Longtime AP State Dept. reporter George Gedda, 82
WASHINGTON — George Gedda, a workhorse veteran of the Associated Press whose coverage of the State Department and international relations spanned more than four decades and who played a major role in explaining US foreign policy to the American public from Vietnam to Cuba, Afghanistan and Iraq, has died. He was 82.
Mr. Gedda was also the author of three books — one on his time as an AP diplomatic correspondent, one on Cuba’s Communist revolution, and one on his first love, baseball. He died Sunday while in hospice care in Altamonte Springs, Fla., said Ellen James Martin, his former partner of 14 years. The cause was bladder cancer, she said.
Mr. Gedda had retired to central Florida in 2007 after a 41year career at the AP, most of which was in Washington, beginning during Lyndon Johnson’s administration and not ending until George W. Bush was president.
During his time in Washington, Mr. Gedda covered every secretary of state from Dean Rusk to Condoleezza Rice, and carved out a niche for himself as an expert on Latin America and Cuba.
“You are a first-class professional and a role model for many who will follow you,” Rice said in a handwritten note to Mr. Gedda on his retirement.

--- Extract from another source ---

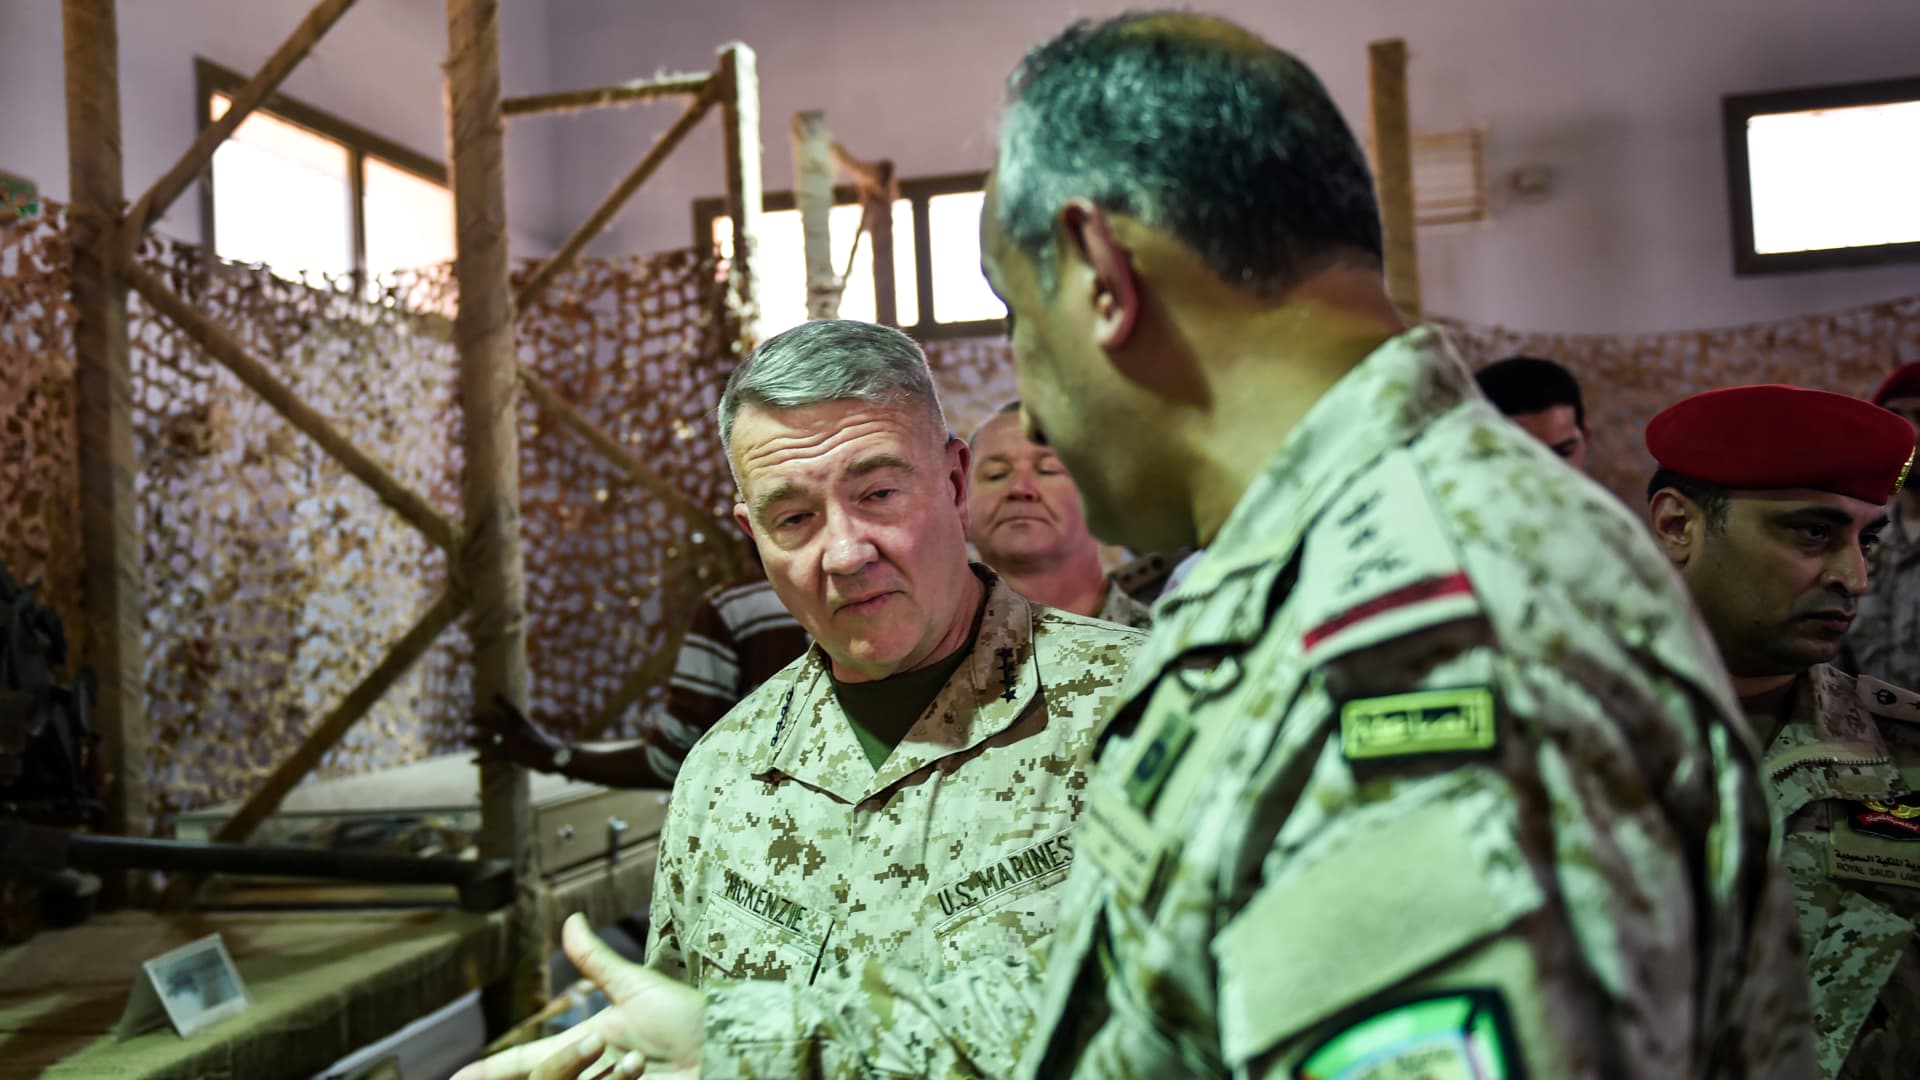 US Marine Corps General Kenneth F. McKenzie Jr. (C, behind), commander of the US Central Command (CENTCOM) and Lieutenant General Fahd bin Turki bin Abdulaziz al-Saud (front), commander of the Saudi-led coalition forces in Yemen, are shown reportedly Iranian weapons seized by Saudi forces from Yemen's Huthi rebels, during his visit to a military base in al-Kharj in central Saudi Arabia on July 18, 2019.

From his perch at the State Department, the soft-spoken and unfailingly polite and patient Mr. Gedda made himself an invaluable partner for both fellow AP reporters and competitors, including his often irascible colleague and officemate, the late and legendary AP diplomatic correspondent Barry Schweid.
“For more than 30 years, George Gedda and I worked harmoniously and effectively together at the State Department covering the world for the AP,” Schweid said when Mr. Gedda retired. “He simply knew more than anyone else about the issues. And a lot of what he knew was stored in his mind, a bank of knowledge I found myself calling on regularly, especially in pressure situations.
“No member of the State Department press corps was more respected,” said Schweid, who passed away in 2015. “No AP colleague was more selfless in sharing information and the workload. He was simply the best.”
Mr. Gedda made 31 trips to Cuba, most of which were reporting visits for the AP beginning in 1974. He was instrumental in the agency’s creation of its first bureau in Havana since the 1960s in 1999, and he used those experiences as the basis for his 2011 book, “Cuba: The Audacious Revolution.”